HPCProSol (Next-generation HPC PROblems and SOLutions) is a joint team (équipe associée) between Inria, in France, and the National Laboratory for Scientific Computing (LNCC), in Brazil. It started at the beginning of 2021 and ended in December 2023.

Other contributing institutions are: University of Bordeaux, LaBRI, CNRS, University of Grenoble Alpes, and LIG.

Motivation

High performance computing (HPC) architectures, the supercomputers, were conceived to efficiently run the traditional HPC applications: numerical simulations. However, in the context of the convergence between HPC and big data, their workload is becoming more heterogeneous and the notion of scientific application is evolving into a scientific workflow, composed of cpu-intensive and data-intensive tasks. This evolution characterizes the new HPC workload, which is expected to bring new challenges and accentuate existing ones.
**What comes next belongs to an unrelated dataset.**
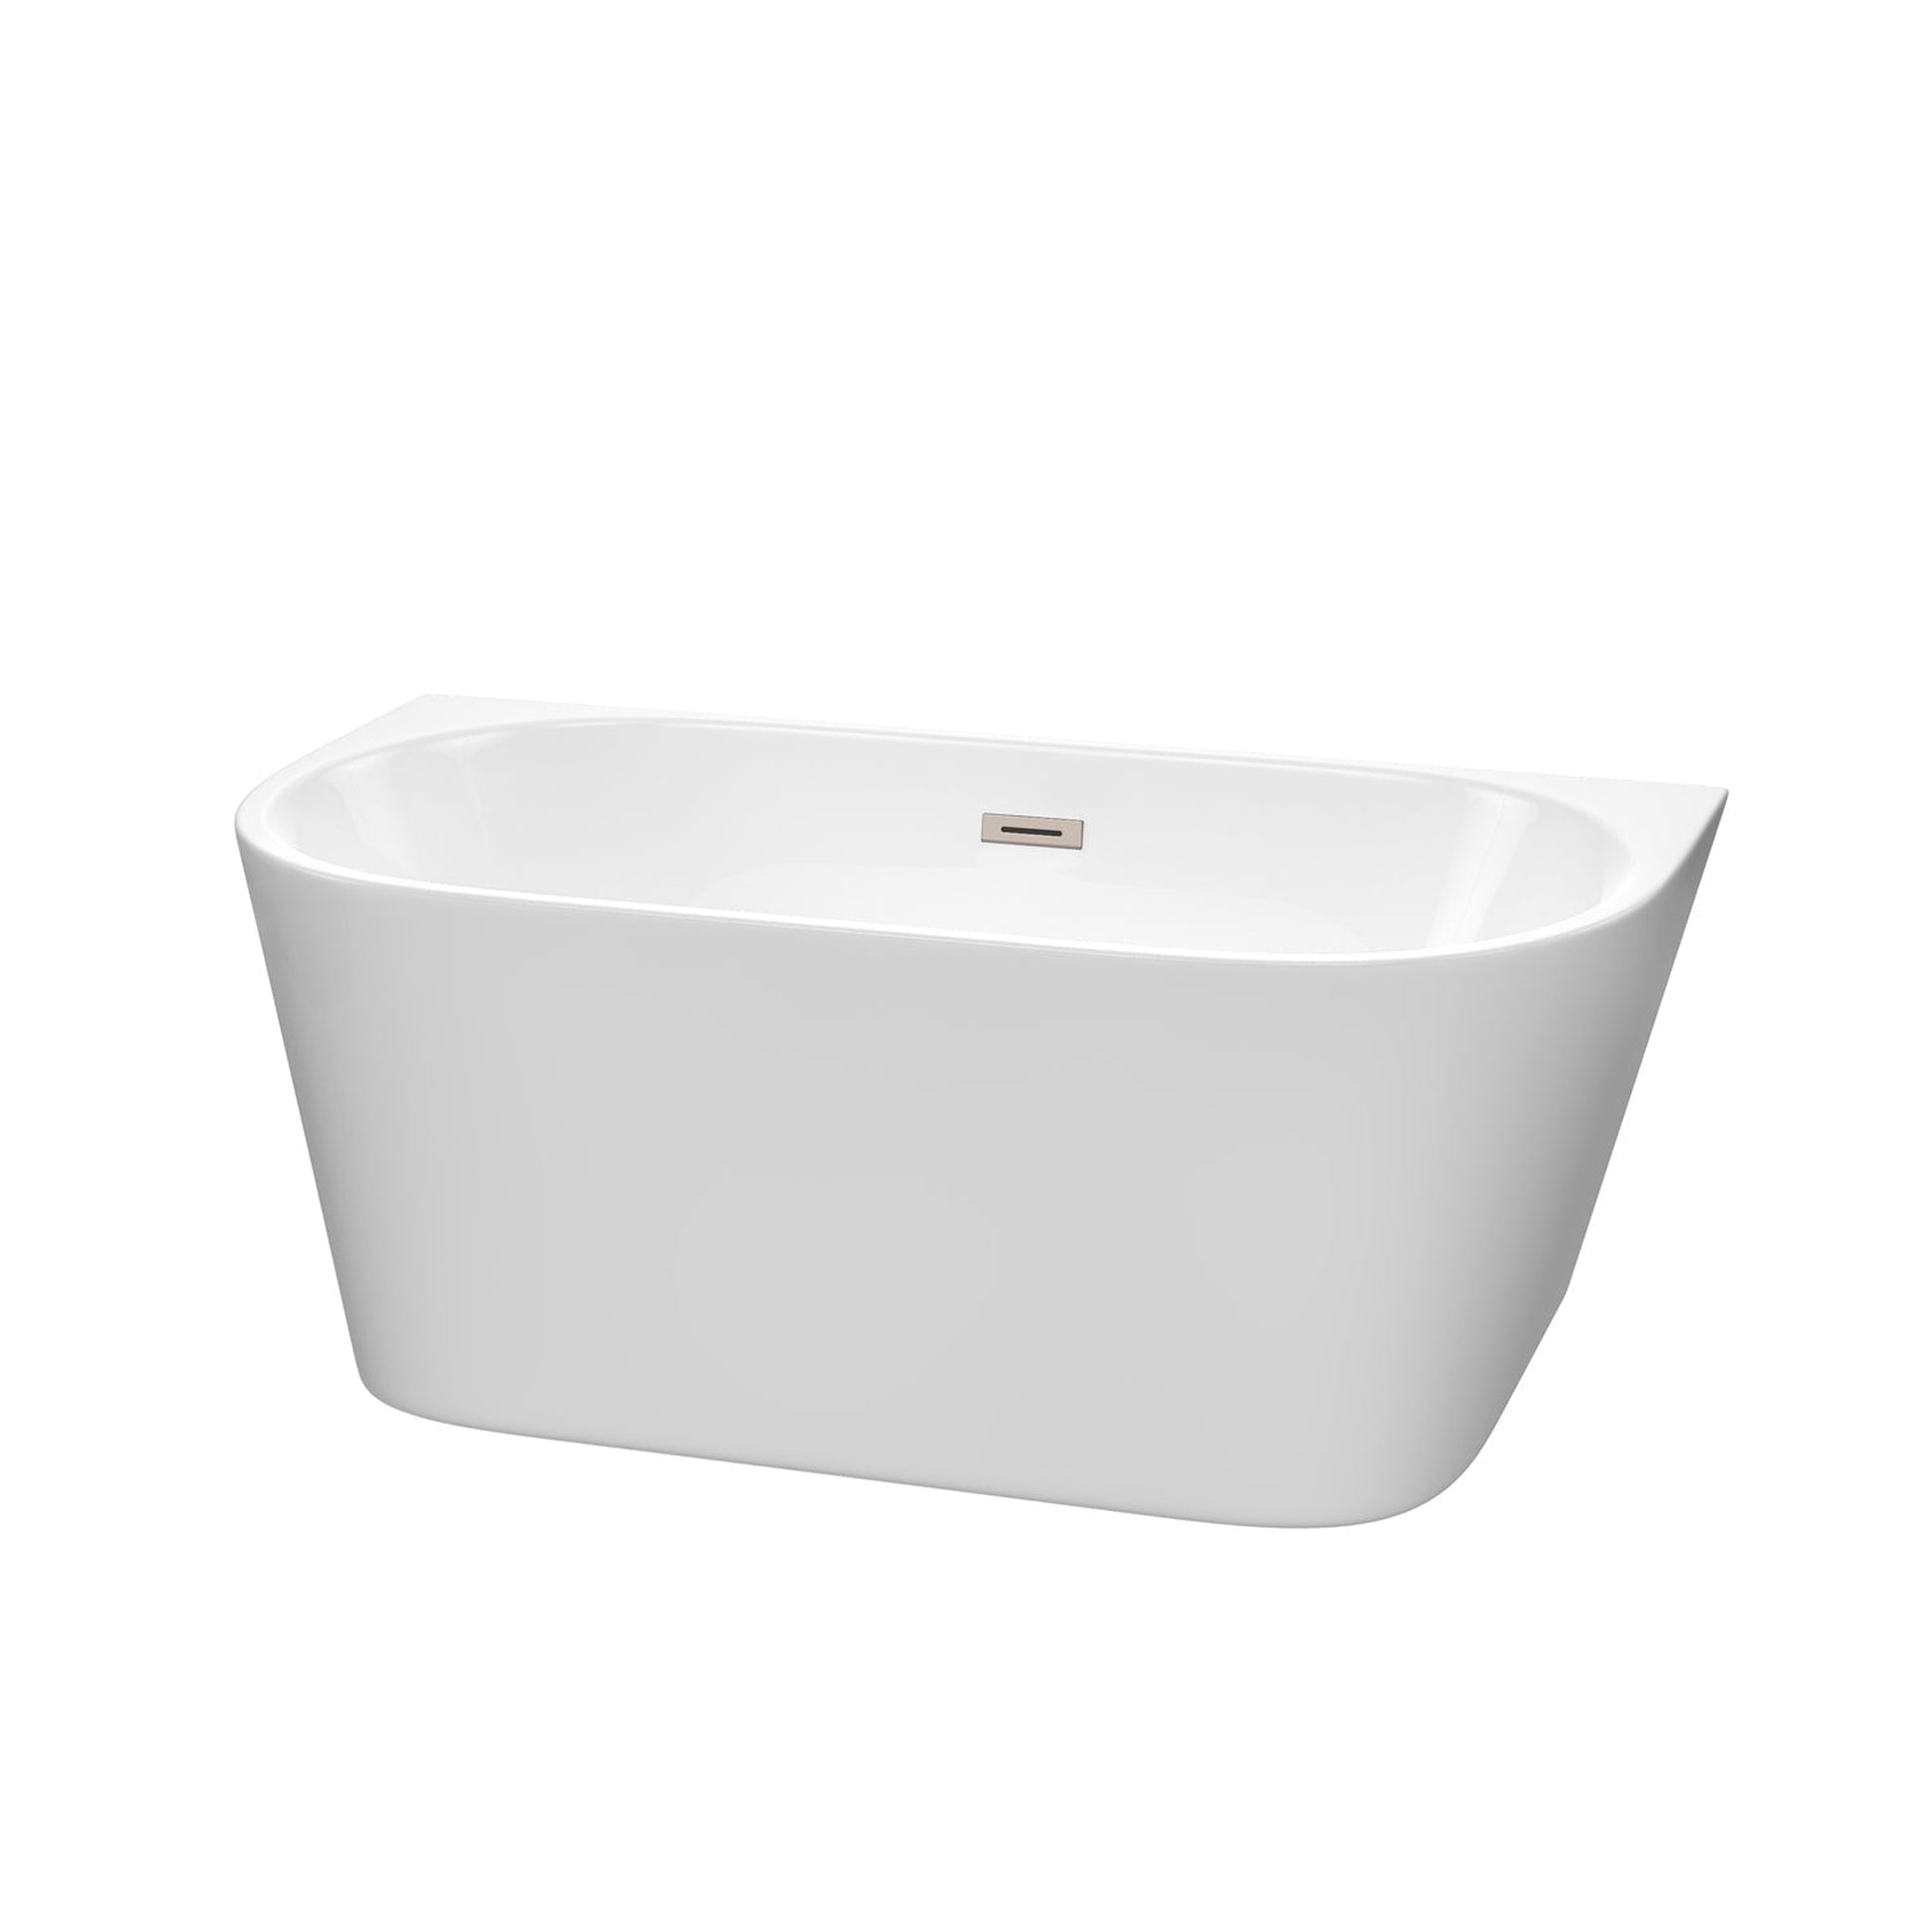 Wyndham Collection Callie 59" Freestanding Bathtub in White With Brushed Nickel Drain and Overflow Trim

• Efficient application execution becomes more challenging due to a mismatch between systems and applications. New applications include new methods, libraries, and runtime systems that may not have been properly optimized to the supercomputer, leading to problems such as load imbalance and poor communication performance.
• Supercomputers’ resources are arbitrated between applications using as little information as the number of CPUs and the estimated execution time, which potentially wastes resources that are unused at different moments during application execution.
• Although running on independent nodes, concurrent applications still share the network and I/O infrastructures, which means they can interfere with each other non-uniformly.

Research goals

This project’s main goal is to study and characterize the new HPC workload, represented by a set of scientific applications that are important to the LNCC because they are representative of its Santos Dumont machine’s workload. This generated knowledge will guide the proposal of monitoring and profiling techniques for applications, and the design of new coordination mechanisms to arbitrate resources in HPC environments.

We are interested in evaluating and improving individual applications’ performance, but also on using this study to provide a better understanding of how performance is impacted by aspects such as interference. Moreover, we want to identify metrics that can be used to predict performance and deviations from the applications’ expected behaviors, specially at run time.